To perform weighted sampling, once cumulative summing is performed, one can sample from a uniform distribution with a minimum of 0 and a maximum of 10 (the highest value in the cumulative sum) and sample the element which has a cumulative interval corresponding to the sample from the uniform distribution. For instance, if the random number extracted from the uniform distribution U(0, 10) is 0.5, then the first element in the sorted list would be sampled (value = 214). If the random number instead was 7.8, the sampled value would be 123.

As can be observed, the element with a weight = 4 takes up 40% of the total interval between 0 and 10, as opposed to only 10% of the element with a weight = 1. Therefore, sampling using this method will respect the weight values and proportion them accordingly.

So far so good. However, what happens if our collection is millions of entries long? This method has a time complexity of $O(n)$ during the sampling process – which means that the time it takes to sample an entry is proportional to the number of elements in the collection. Therefore, for collections with millions of entries, the computational cost of this method, given frequent sampling, can be significant. The SumTree algorithm/data structure can do better – its time complexity if $O(log n)$ which is significantly quicker.

Introduction to the SumTree

The diagram below shows the SumTree for the collection shown above:

The first thing to note is that the “leaf” nodes of the tree (1, 4, 2, 3) correspond to the weights of the collection previously shown. The next thing to note is that the parents of each leaf node have a value equal to the sum of its children. So, for instance, the parent node of the 1 and 4 value leaf nodes has a value of 5. Likewise for the other parent node, and then the same summation occurs to produce the value for the top value of the tree (10).

How does the data extraction work from such a tree? The top parent node in a SumTree has a value equal to the summation of all the leaf nodes of the tree. So the first step is to perform a uniform random sampling of a value between 0 and the value of the top-parent (i.e. in this case U(0, 10)). Let’s say this sampled value, in this case, is 3.5. Let’s assign this to a variable named value. The first retrieval step is to see if value is less than the left-hand child node. When this occurs we keep value the same and traverse to the left-hand child. Next, we do the same comparison – is value less than the left-hand child node (is value < 1)? In this case it isn’t, so we traverse to the right hand node (4). Whenever a right-hand path is taken, value is adjusted by subtracting the node value of the left-hand path – so in this case, value = 3.5 – 1 = 2.5. Because the right-hand node (4) is a leaf node, the search terminates and returns this node or index. The diagram below shows this process:

The diagram below shows the traversal path through the SumTree for a random value of 6.5:

As can be observed initially the right-hand child of the top parent is selected, so the value is decremented by the left-hand node value (6.5 – 5). On the second level, the left-hand child is selected and the algorithm would return the (2) leaf node.

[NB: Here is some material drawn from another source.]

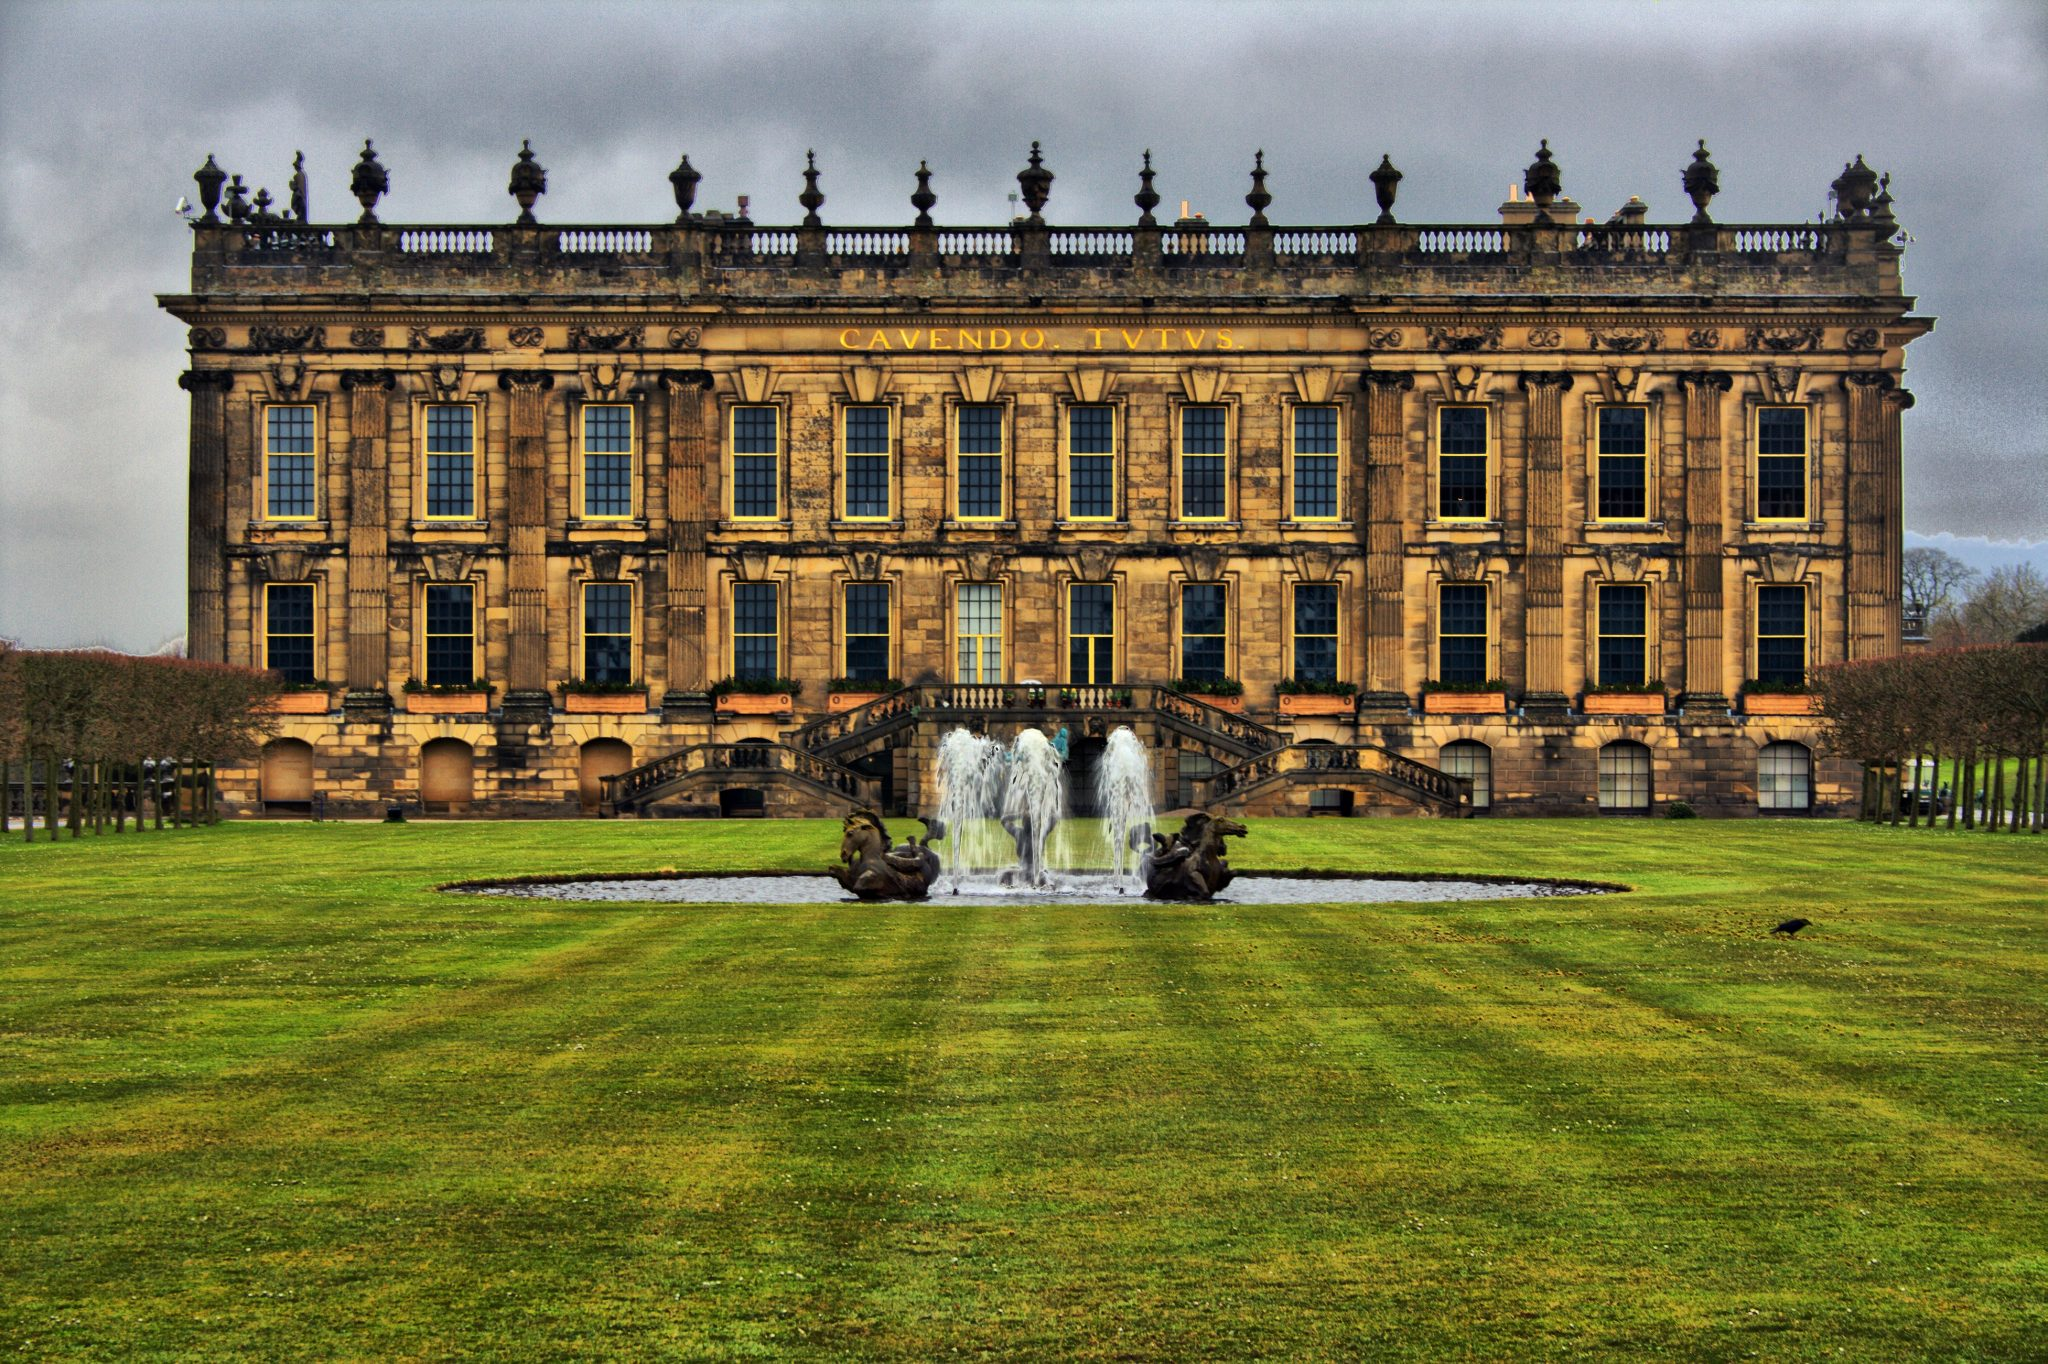 chatsworth-house-fountain-grass-lawn
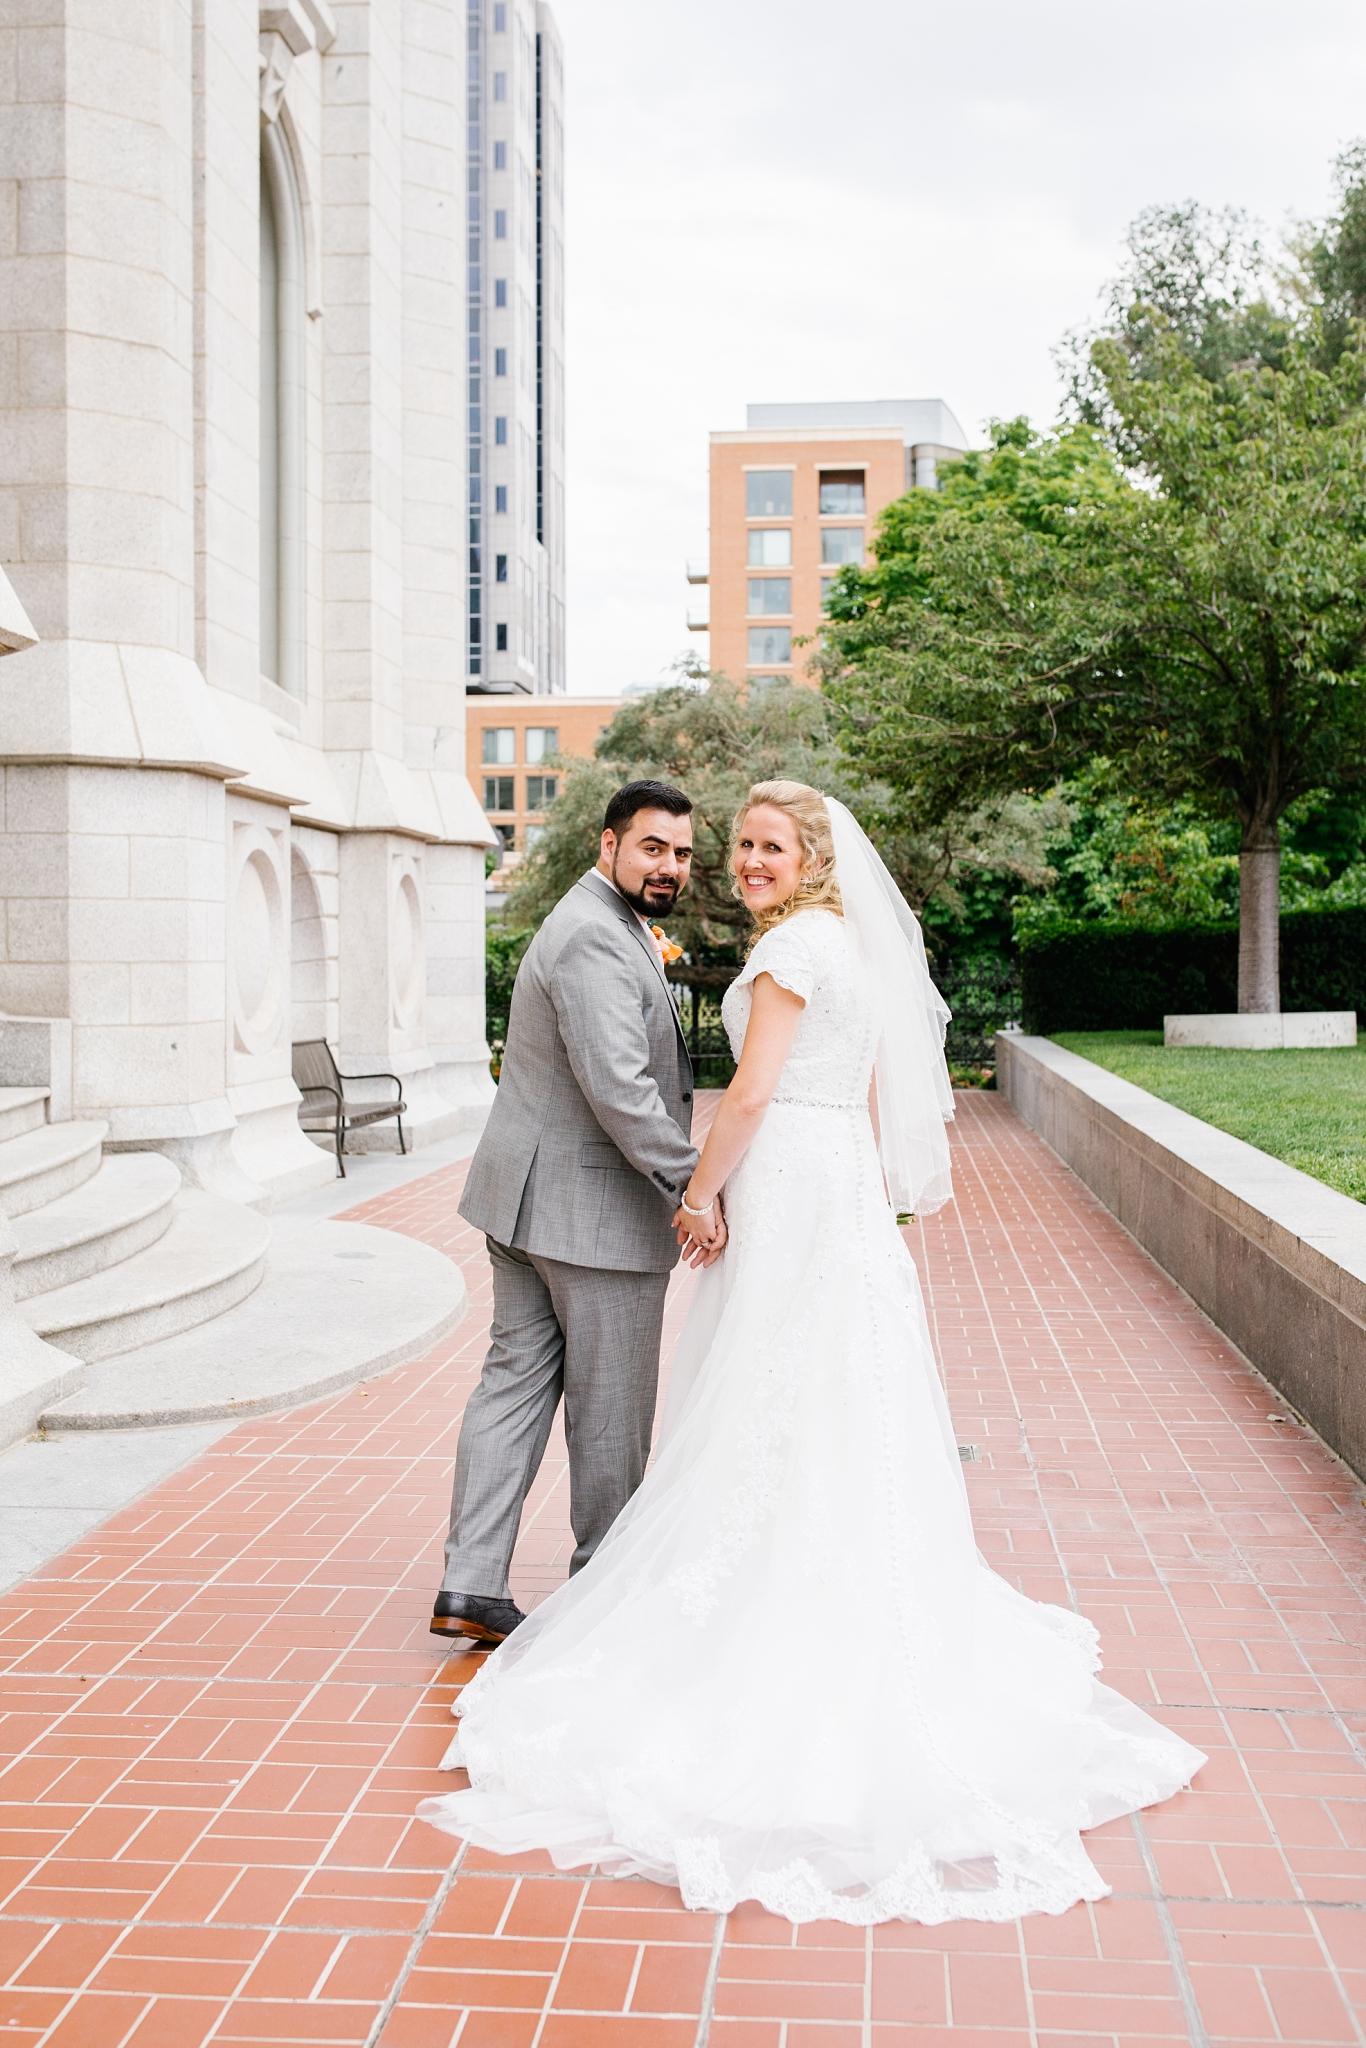 Justin and Melissa-125_Lizzie-B-Imagery-Utah-Wedding-Photographer-Salt-Lake-City-Temple-Photographer-Lion-House-Luncheon-The-Grand-Ballroom-Bountiful.jpg

By considering how the SumTree algorithm works, it can be seen how much more efficient it can be than iterating through a cumulative sum array until the correct interval is found. It is also quite easy to update the weight values of the leaf nodes and propagate the changes. All that needs to be done is to take the difference of the change and then add that difference to all upstream node parents. For instance, if the (2) value leaf node is increased to 5, the change is 3. Therefore, its parent (right-hand 5 node) would be increased to 8, and this parent’s parent (the top parent node – 10) would also be increased by 3 to 13.

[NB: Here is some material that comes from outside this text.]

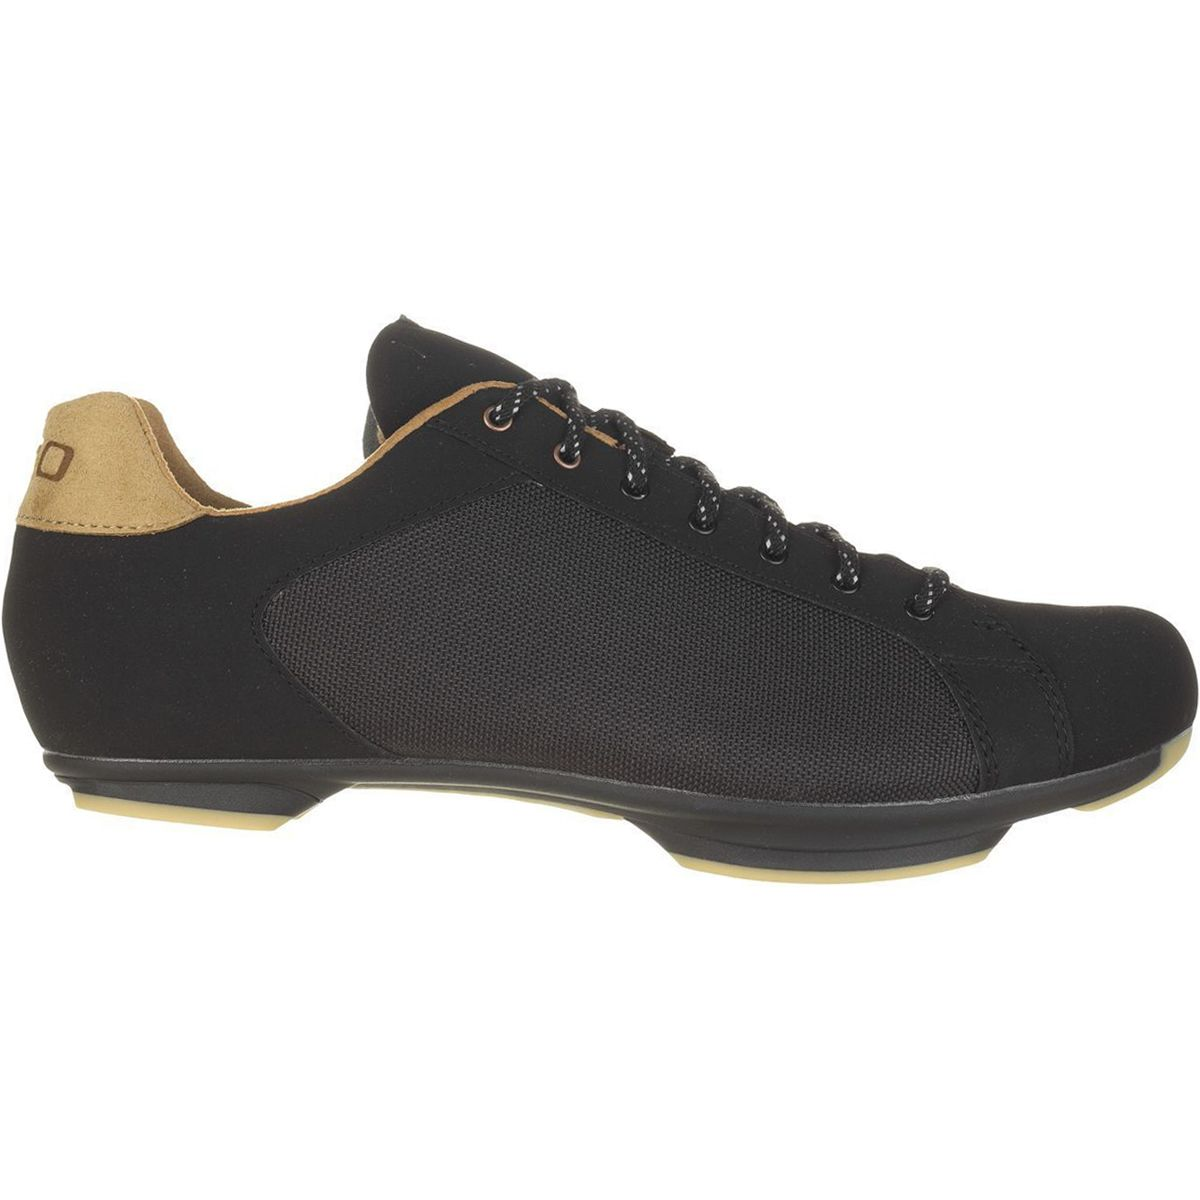 c59c12e11dd Giro New Road Republic Shoes Black Canvas Gum 440

This is an efficient data structure and algorithm, so let’s see how to implement a SumTree in Python code.

The SumTree in Python

There are many different ways of implementing a SumTree in Python. The code below uses a class to define the structure, and uses recursive functions to both traverse and create the SumTree. Below shows the base class for the SumTree:

class Node:
    def __init__(self, left, right, is_leaf: bool = False, idx = None):
        self.left = left
        self.right = right
        self.is_leaf = is_leaf
        if not self.is_leaf:
            self.value = self.left.value + self.right.value
        self.parent = None
        self.idx = idx  # this value is only set for leaf nodes
        if left is not None:
            left.parent = self
        if right is not None:
            right.parent = self

    @classmethod
    def create_leaf(cls, value, idx):
        leaf = cls(None, None, is_leaf=True, idx=idx)
        leaf.value = value
        return leaf

This class defines information about each node in the tree, but also contains the tree structure within the left, right, and parent properties. The property left refers to the left-hand child of this node, and the property right refers to the right-hand child of this node. The property parent refers, obviously, to the parent of the current node (if it has one). Each of these properties will point to another Node instance. Note that the value property in the class initialization is initialized to be the sum of the values of the left and right child nodes.

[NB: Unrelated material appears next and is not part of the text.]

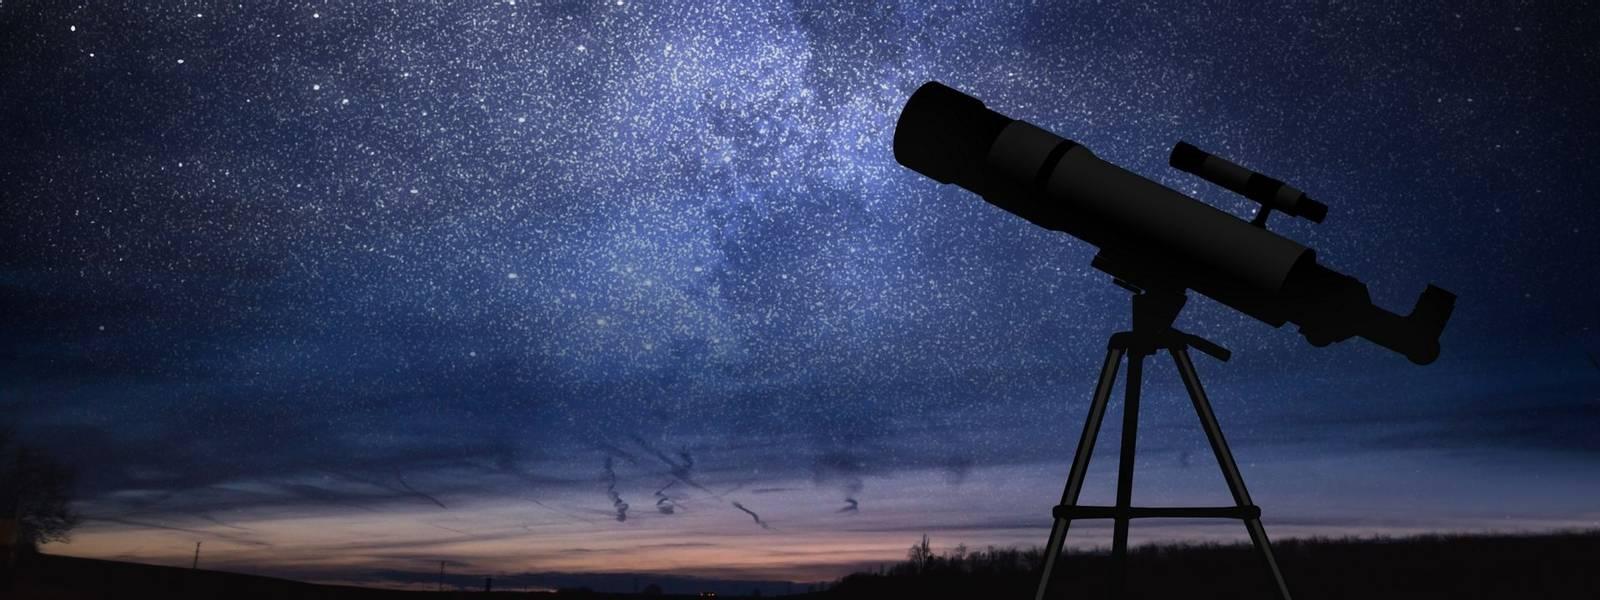 Leisure - Natural World - Astronomy - AdobeStock_138325035.jpeg

The final part of the initialization also sets the parent node of the left and right child nodes to be equal to itself. The create_leaf class method, whose function is to create all the leaf nodes of the tree, takes a weight value and an index as the arguments. In the first line, the leaf variable is defined as an instance of the Node class, with no parents specified. An is_leaf flag of the Node is set to True. This will be used later during the leaf node retrieval function. Finally, the leaf weight is set to the passed value and the leaf node object is returned.

The function below shows how the tree can be created:

def create_tree(input: list):
    nodes = [Node.create_leaf(v, i) for i, v in enumerate(input)]
    leaf_nodes = nodes
    while len(nodes) > 1:
        inodes = iter(nodes)
        nodes = [Node(*pair) for pair in zip(inodes, inodes)]

    return nodes[0], leaf_nodes

The input to this function is a List input which has all the weight values of the leaf nodes. For the simple example we have been working with, this list would be [1, 4, 2, 3]. The first line of the function creates a list of leaf Nodes by calling the create_leaf class method and supplying the passed list values and their respective indices. A leaf_nodes variable, which keeps track of which nodes are the leaves of the tree, is then created and set to be equal to this initial list of nodes.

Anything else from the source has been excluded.